When two men bring machine guns to high school graduations in Minnesota, that’s a national story. But when those two men happen to be Muslim Somali immigrants, the media suddenly forgets how to write headlines.
CBS Minnesota reported the story with the vague, almost laughable title: “Two men charged after guns found in connection with high school shootings.” That’s it. No names. No context. No mention of immigration status. No hint that the suspects had converted firearms capable of fully automatic fire. Just “two men.”
Now we all know what that means.
“Two men” is the press’s favorite euphemism when the real details might cause political inconvenience. If these had been white guys from Texas in pickup trucks, we’d be reading op-eds about white rage, gun culture, and the rise of fascism. There’d be documentaries in the works before the ink on the indictments dried. But because the suspects are Muslim Somali immigrants, the press moves into full protection mode.
It’s not ignorance. It’s not caution. It’s a deliberate cover-up.
The media operates under a rigid narrative framework. If a story fits that narrative; white guy bad, minority victim good, it gets blasted out across every platform. But if it threatens the storyline; immigrant with an illegal weapon at a high school event, then suddenly everyone becomes “just a person,” and all nuance disappears.
Let’s stop pretending this isn’t intentional.
Journalists today aren’t neutral observers. They’re ideological gatekeepers. Their job isn’t to inform anymore, it’s to manage perception. When someone from a protected group commits a crime, the goal is to minimize the public’s reaction. So they soften the language. They omit key facts. They disappear the suspect into a fog of generalities.

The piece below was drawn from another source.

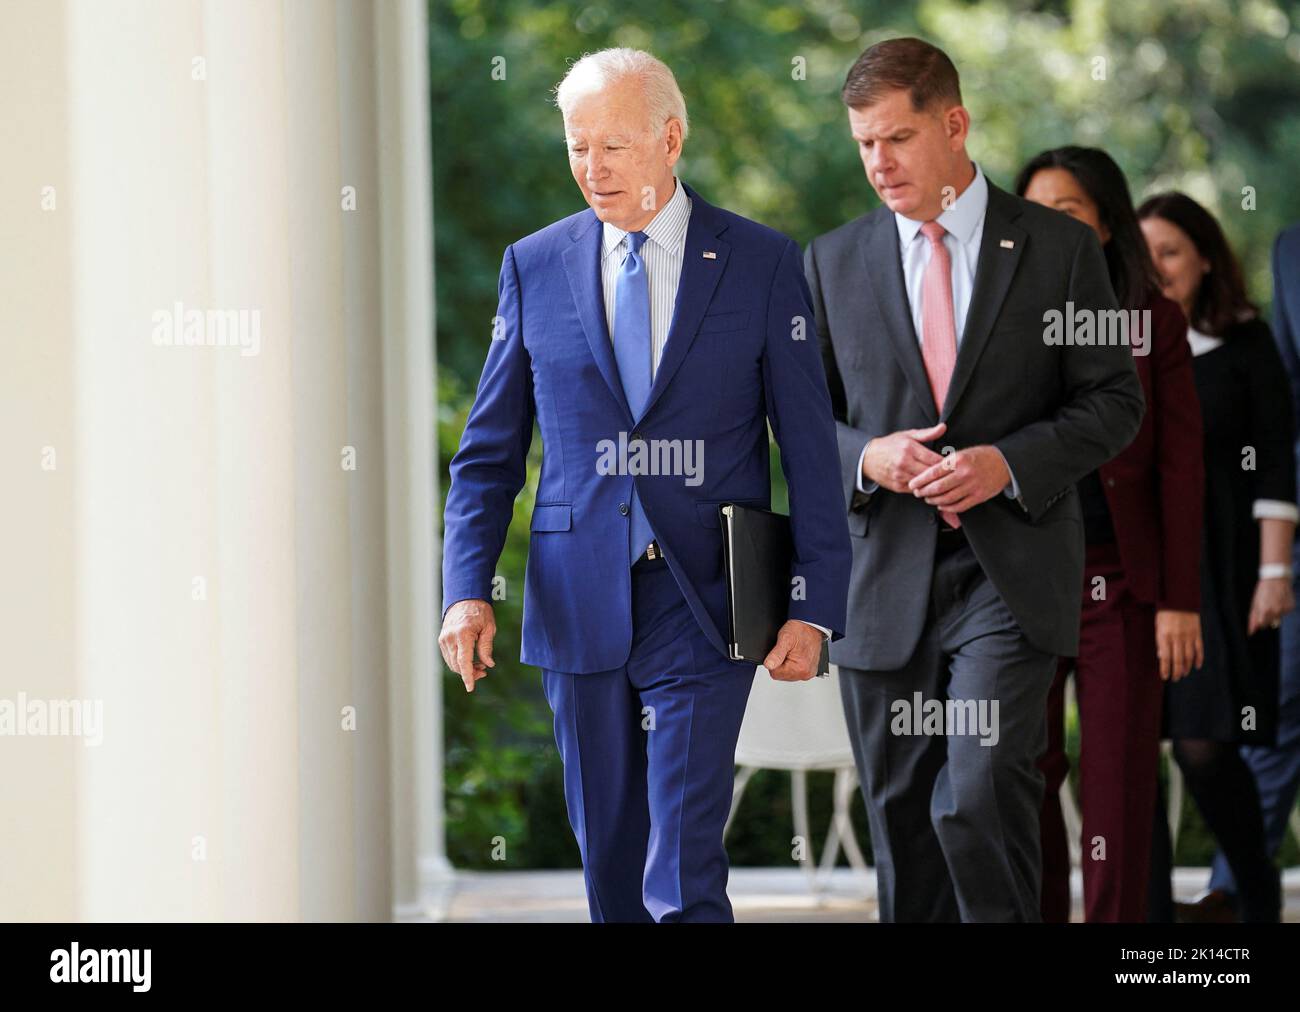 U.S. President Joe Biden walks with Labor Secretary Marty Walsh and negotiators who brokered the railway labor agreement after U.S. railroads and unions secured a tentative deal to avert a rail shutdown, as he arrives to deliver remarks on the deal in the Rose Garden at the White House in Washington, U.S., September 15, 2022. REUTERS/Kevin Lamarque Stock Photo

You don’t have to believe in conspiracies to see the pattern. You just have to pay attention.
We’ve seen this game played before. The Waukesha Christmas parade massacre? A black supremacist plows through a crowd, killing six people. Within a week, the media dropped it entirely. No round-the-clock coverage. No deep dives. Nothing. Why? Because the victims were mostly white and the attacker didn’t fit the narrative. So the story was buried.
When a white police officer is involved in a questionable shooting, it’s front-page news. When an illegal immigrant stabs a teenager, it’s “a man was arrested.” When a Muslim extremist attacks a synagogue, the motive is always “unclear.”
This isn’t about justice. It’s about agenda.
The American people aren’t stupid. They see the double standard. They notice when the rules change depending on who’s involved. And they’re sick of it.
Journalists love to talk about "eroding trust in media," but they never look in the mirror. Maybe people don't trust you because you lie. Maybe they don’t believe you because they’ve caught you playing this game too many times.
And here’s the kicker: hiding facts doesn’t protect anyone. It doesn’t build unity. It builds resentment. When you cover for one group and scapegoat another, you don’t reduce hate, you create more of it.
Here’s a radical idea: tell the truth. Even when it’s messy. Even when it challenges your politics. Even when it makes people uncomfortable. That’s what journalism used to be. That’s what the public deserves.
The American people don’t need “two men.” We need names, facts, and accountability. Because this country doesn’t run on euphemisms. It runs on truth.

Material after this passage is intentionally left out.